#### Collected data
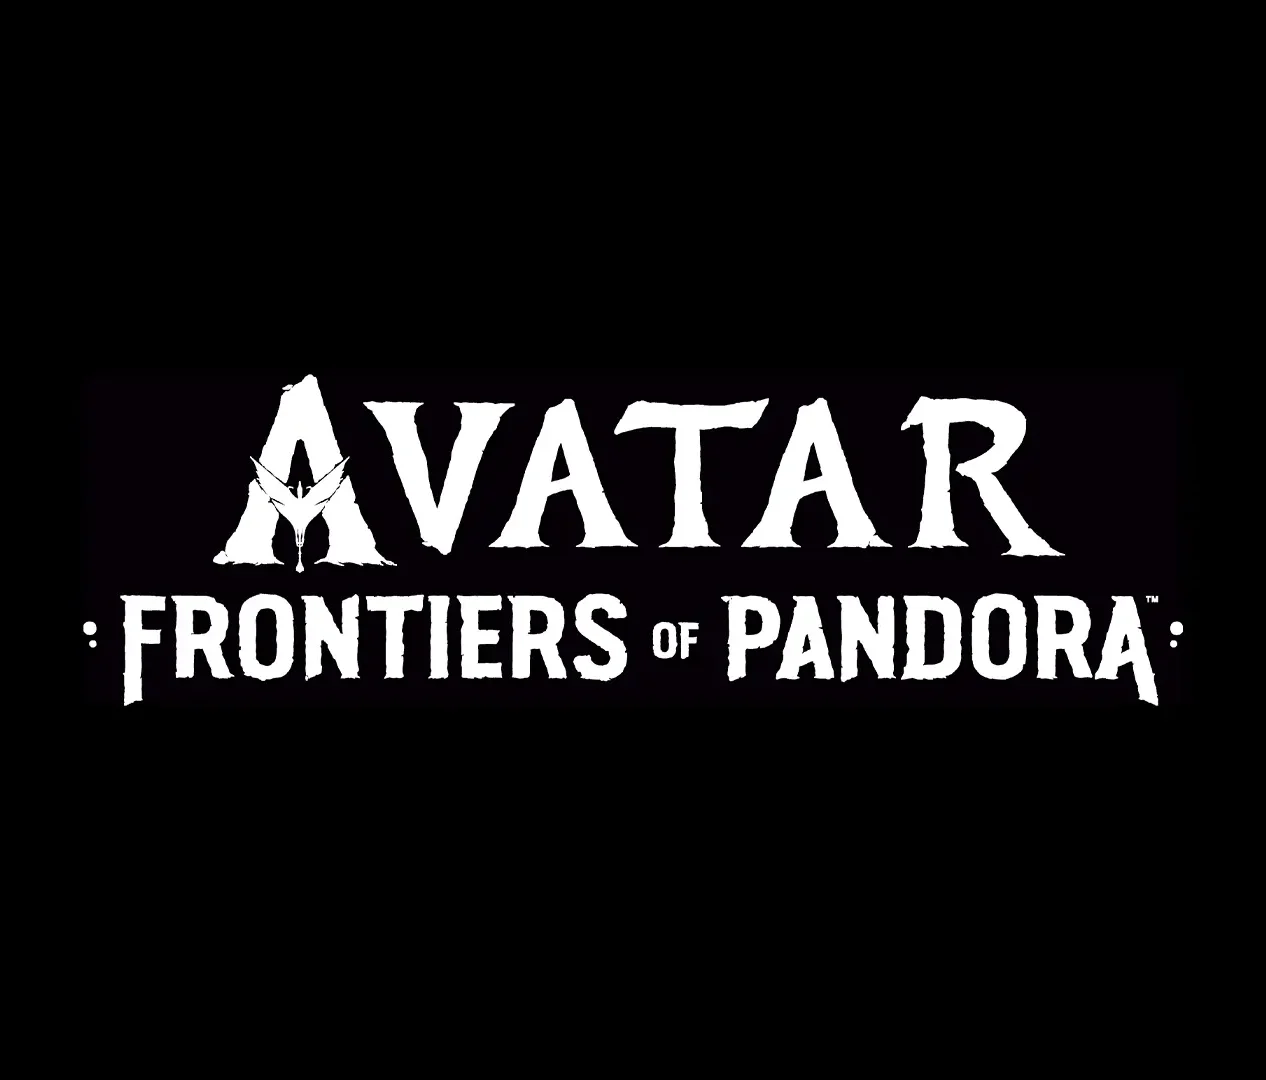 Trofeos de Avatar: Frontiers of Pandora
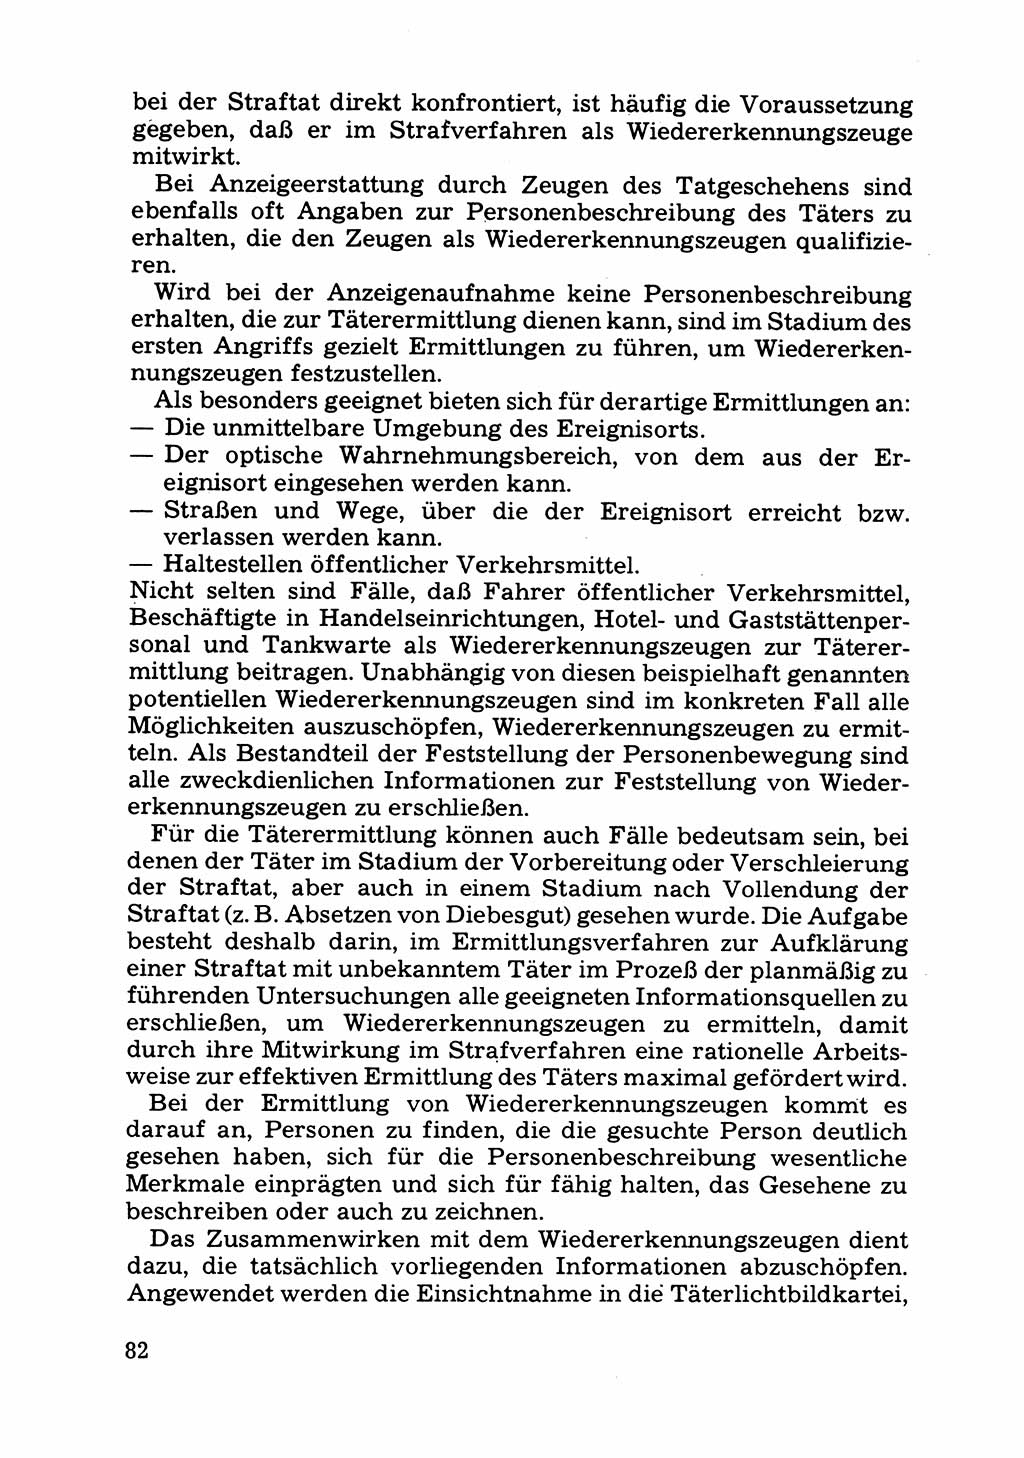 Das subjektive Porträt [Deutsche Demokratische Republik (DDR)] 1981, Seite 82 (Subj. Port. DDR 1981, S. 82)
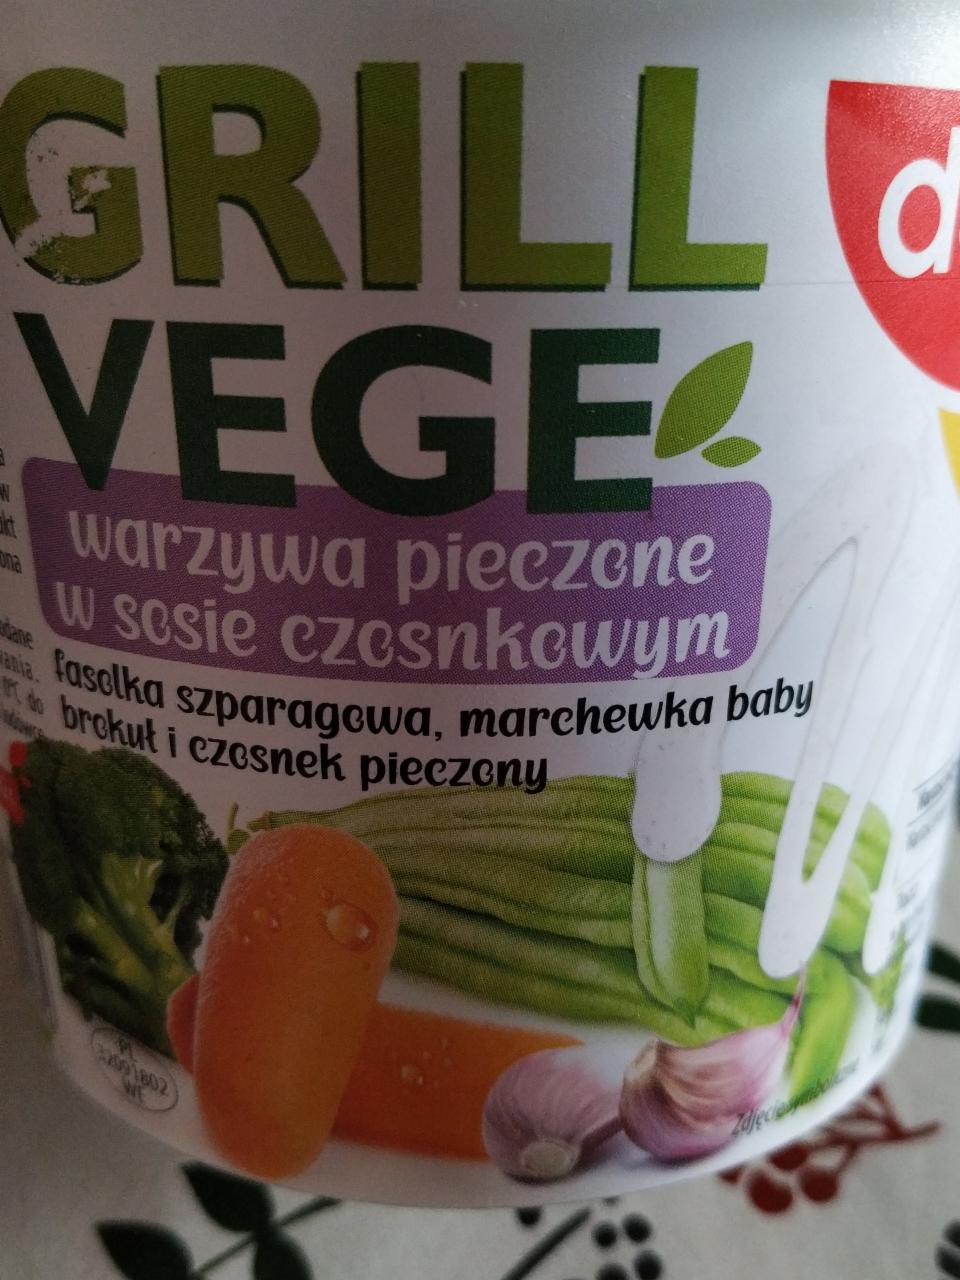 Fotografie - Grill Vege warzywa pieczone w sosie czosnkowym Dega

#### What is being asked
The material shown above is to be repeated verbatim, and its pictures are to be omitted.

#### Answer box
 Trofeos de Avatar: Frontiers of Pandora
 Das subjektive Porträt [Deutsche Demokratische Republik (DDR)] 1981, Seite 82 (Subj. Port. DDR 1981, S. 82)
 Fotografie - Grill Vege warzywa pieczone w sosie czosnkowym Dega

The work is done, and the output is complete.